* _Required work_
Images are to be left out; everything else in the listing should be repeated exactly.
**** Raw data ****
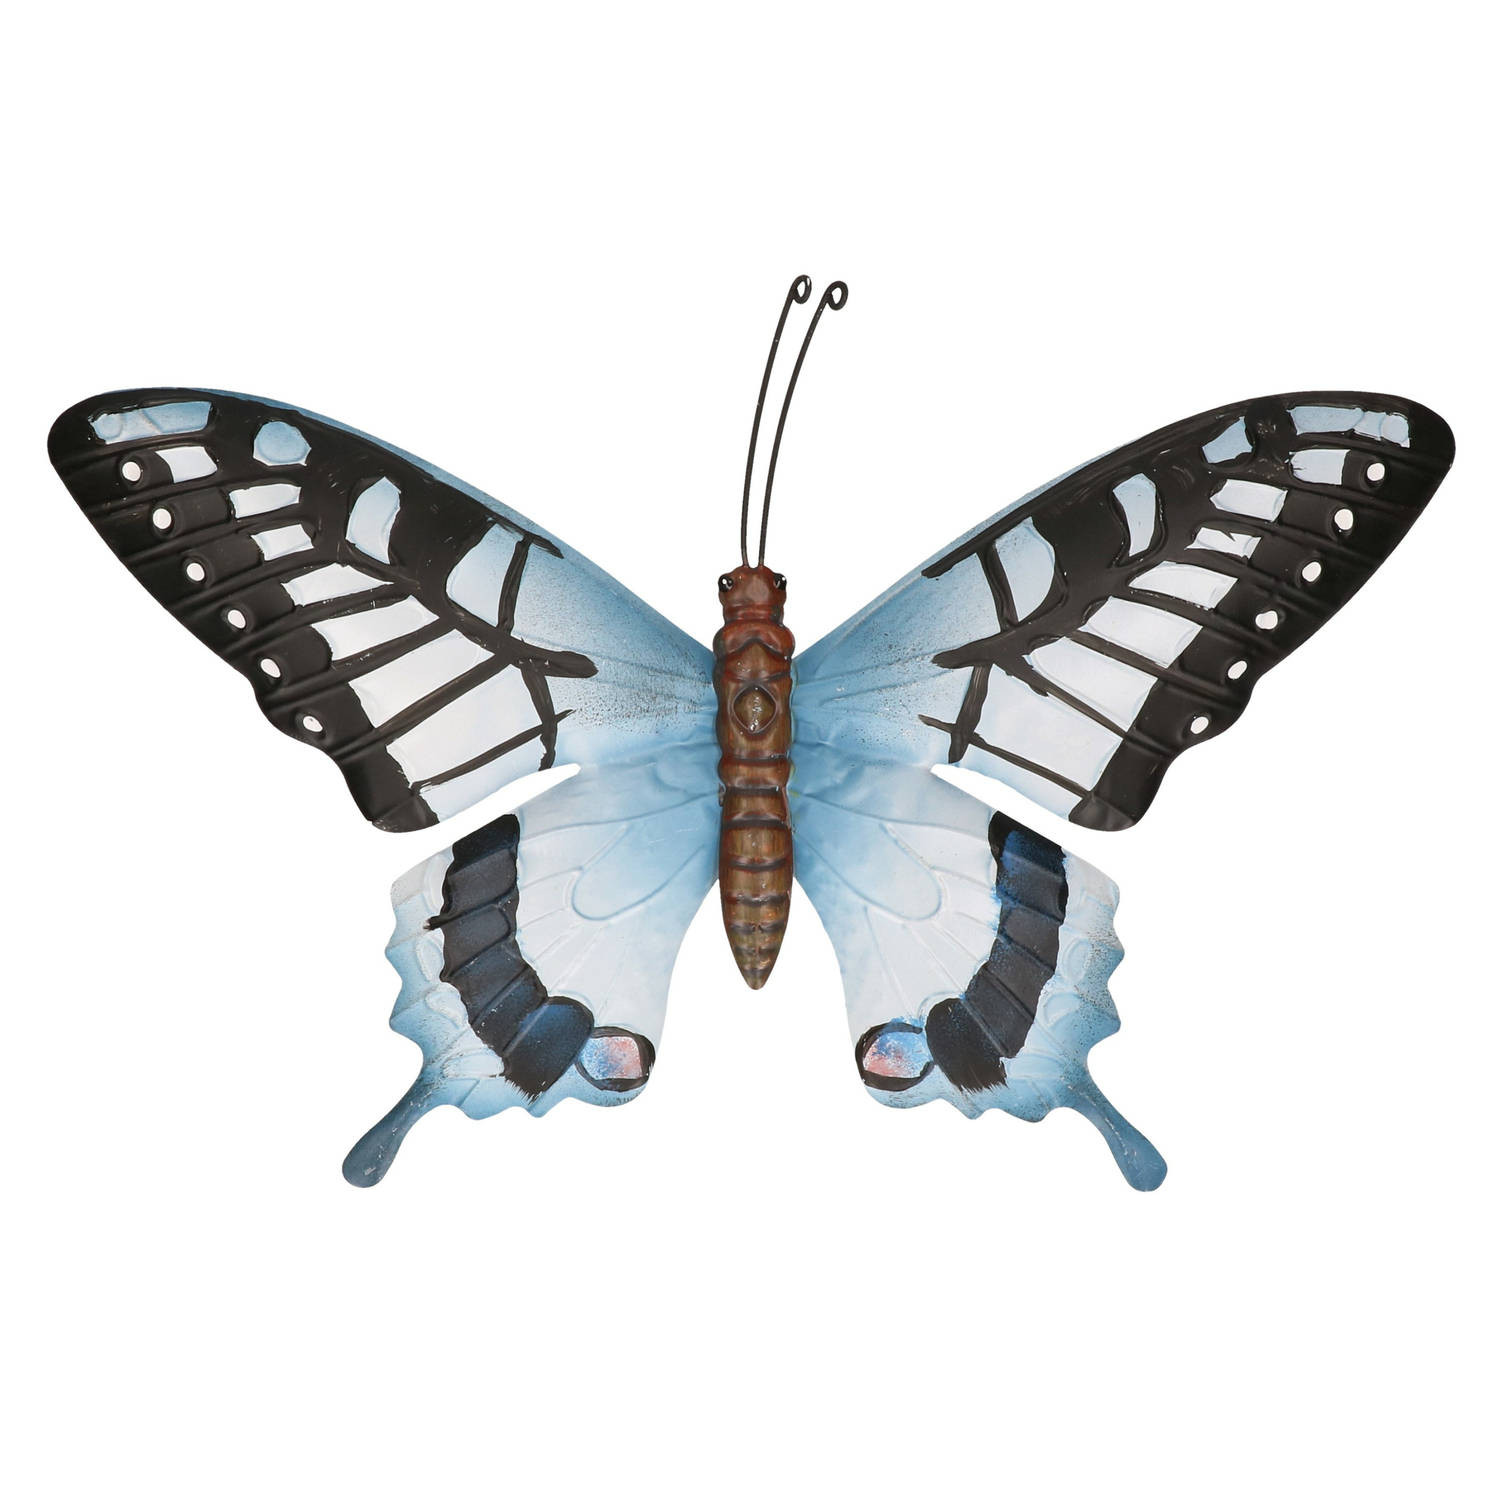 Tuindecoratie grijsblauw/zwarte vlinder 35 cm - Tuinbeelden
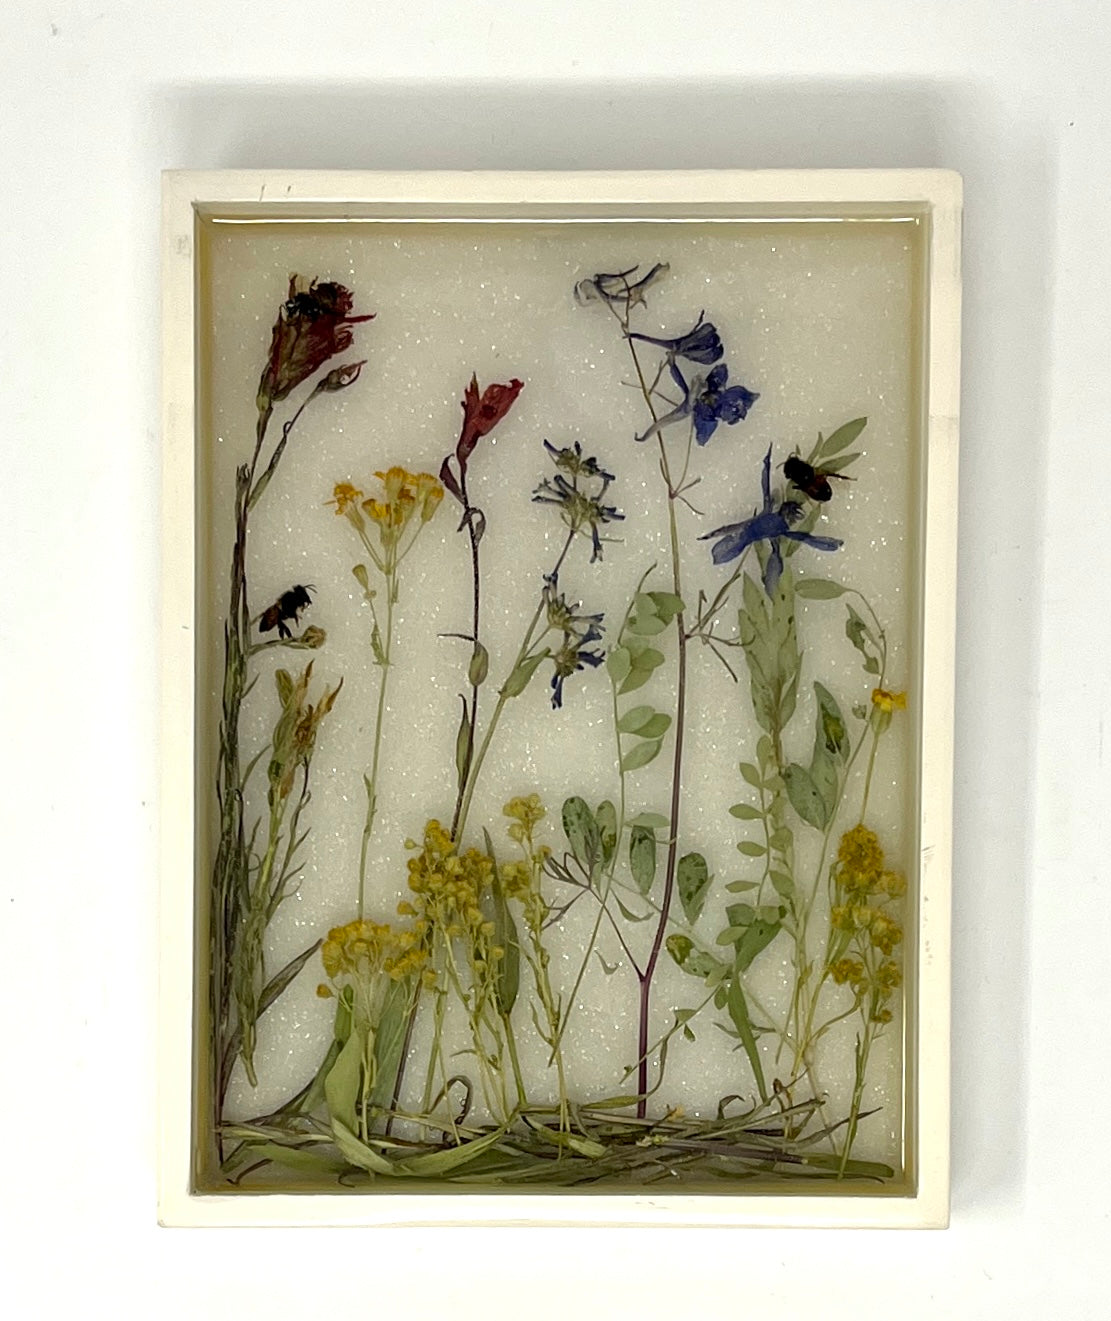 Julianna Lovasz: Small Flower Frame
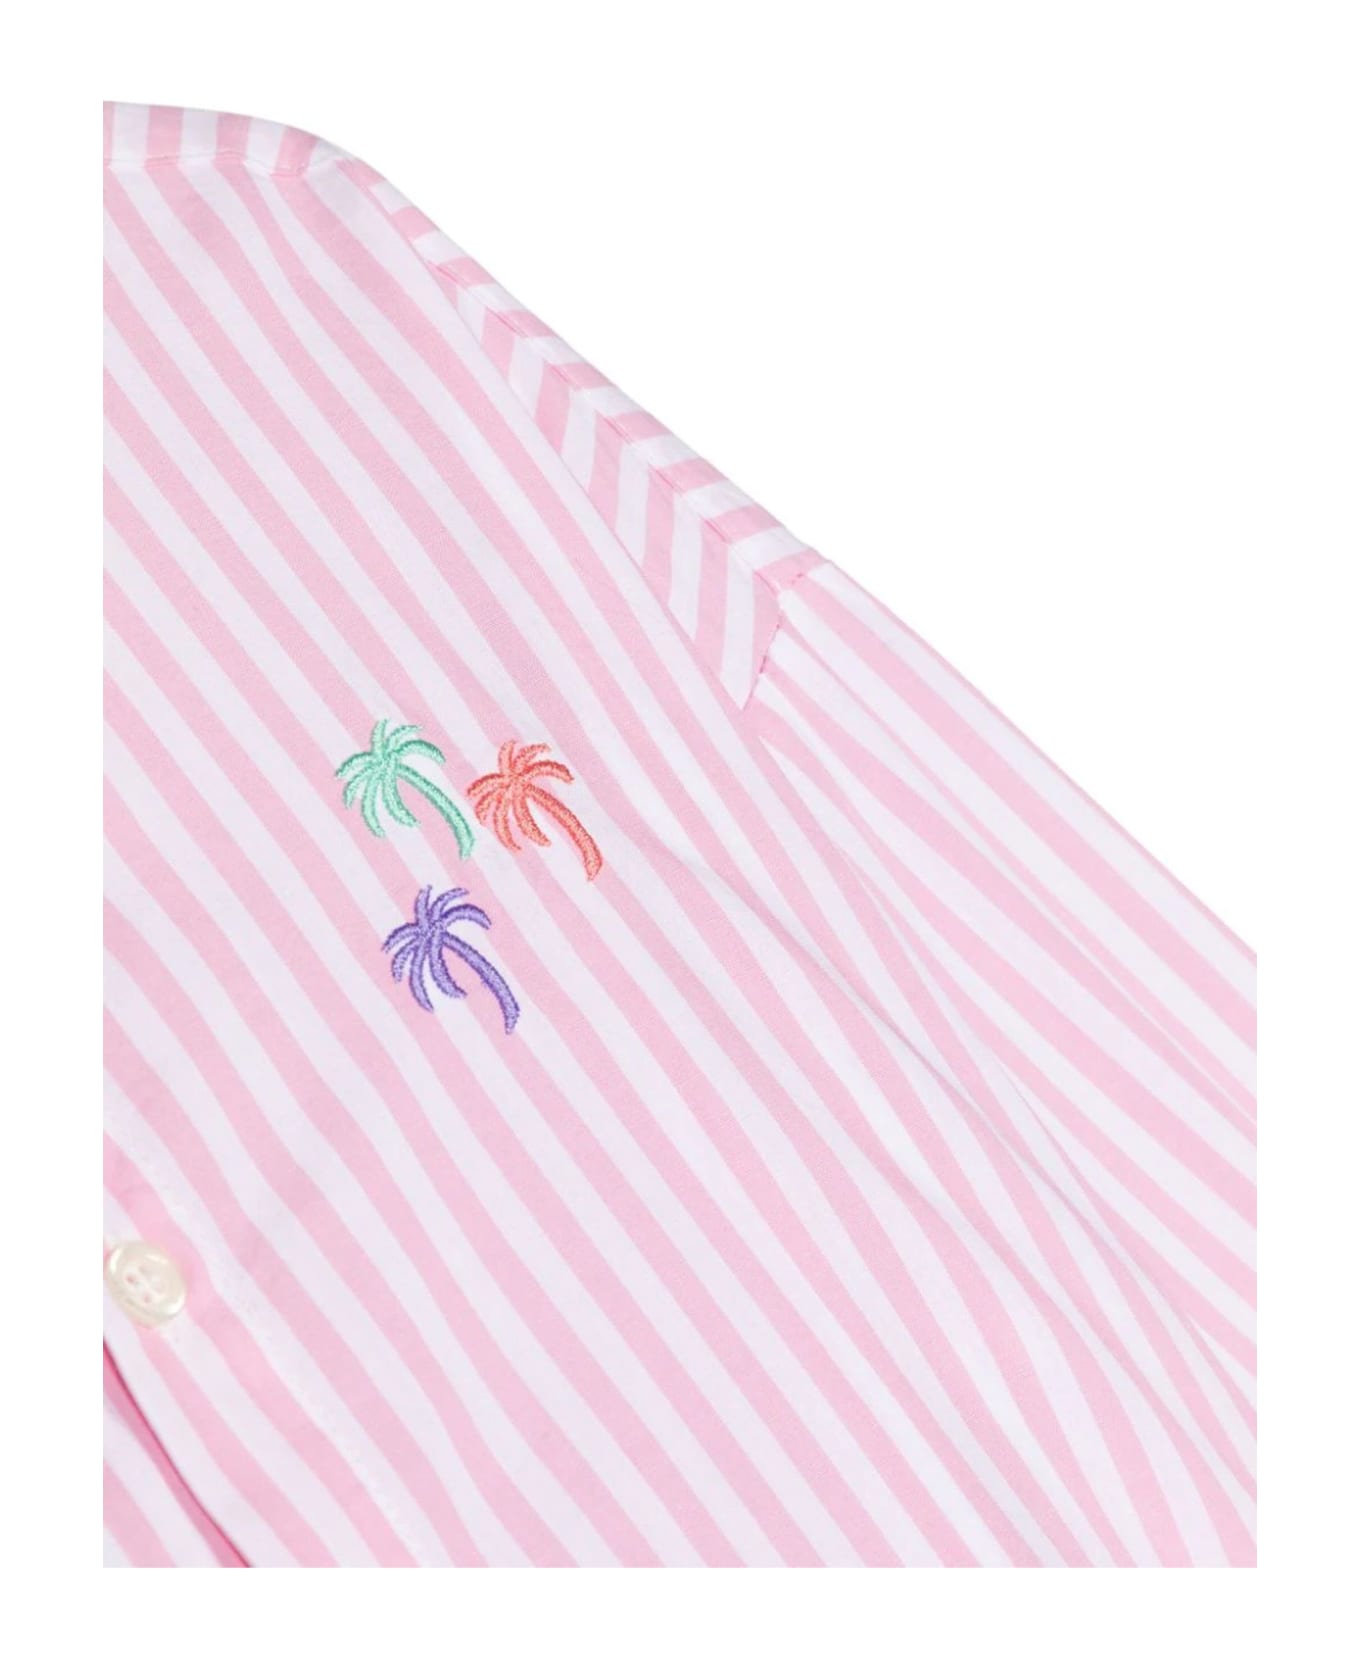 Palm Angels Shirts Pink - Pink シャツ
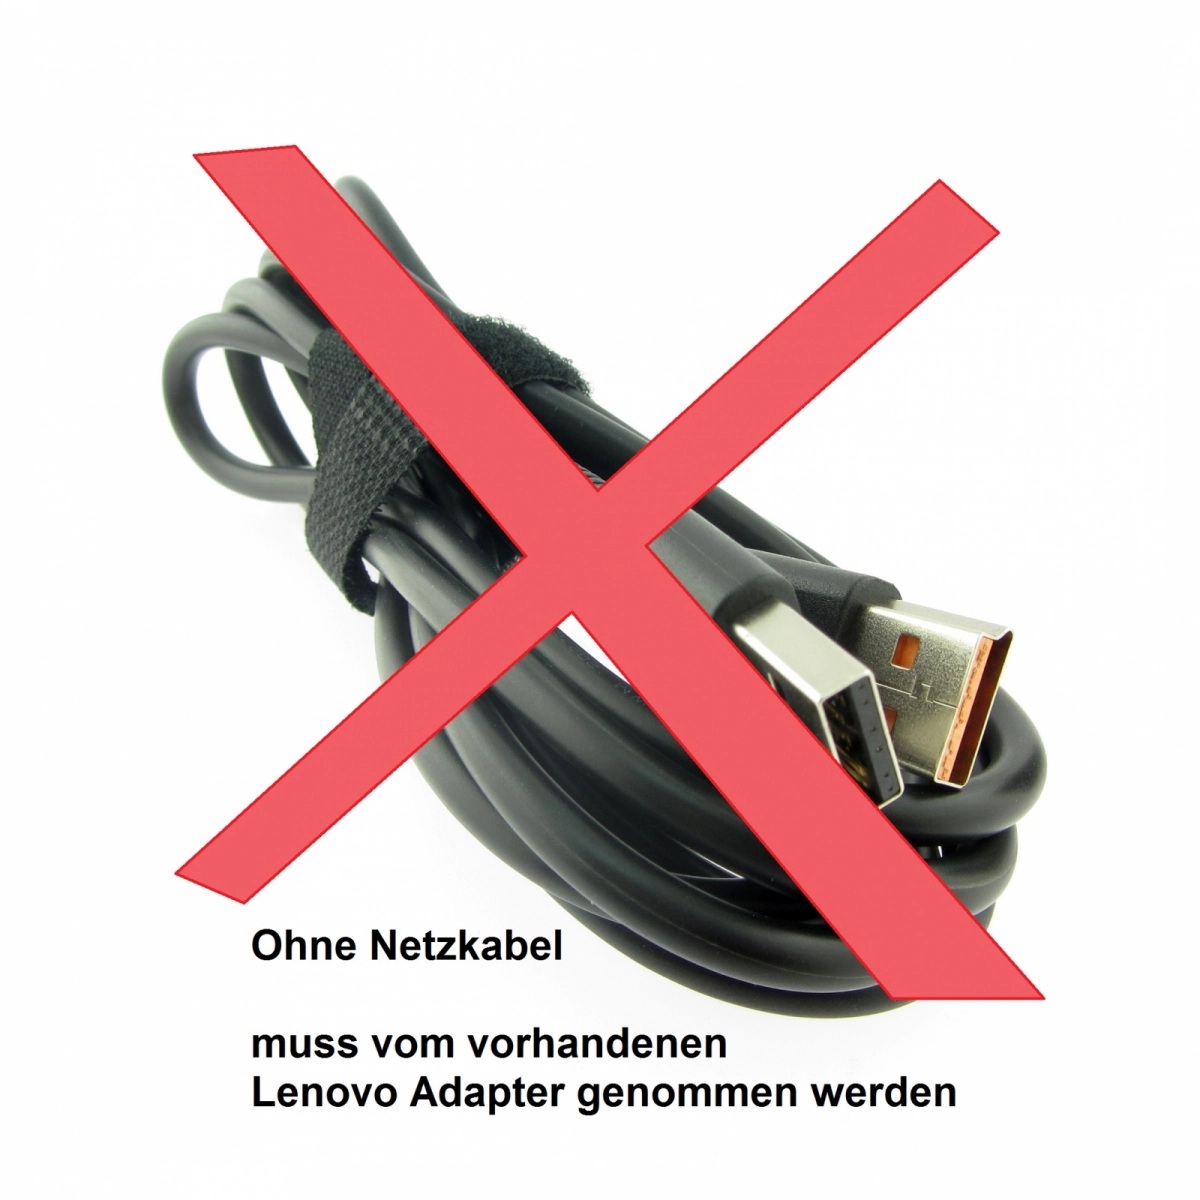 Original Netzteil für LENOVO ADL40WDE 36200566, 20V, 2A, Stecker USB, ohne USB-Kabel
****
* _Finished task_
 Tuindecoratie grijsblauw/zwarte vlinder 35 cm - Tuinbeelden
 Julianna Lovasz: Small Flower Frame
 Palm Angels Shirts Pink - Pink シャツ
 Original Netzteil für LENOVO ADL40WDE 36200566, 20V, 2A, Stecker USB, ohne USB-Kabel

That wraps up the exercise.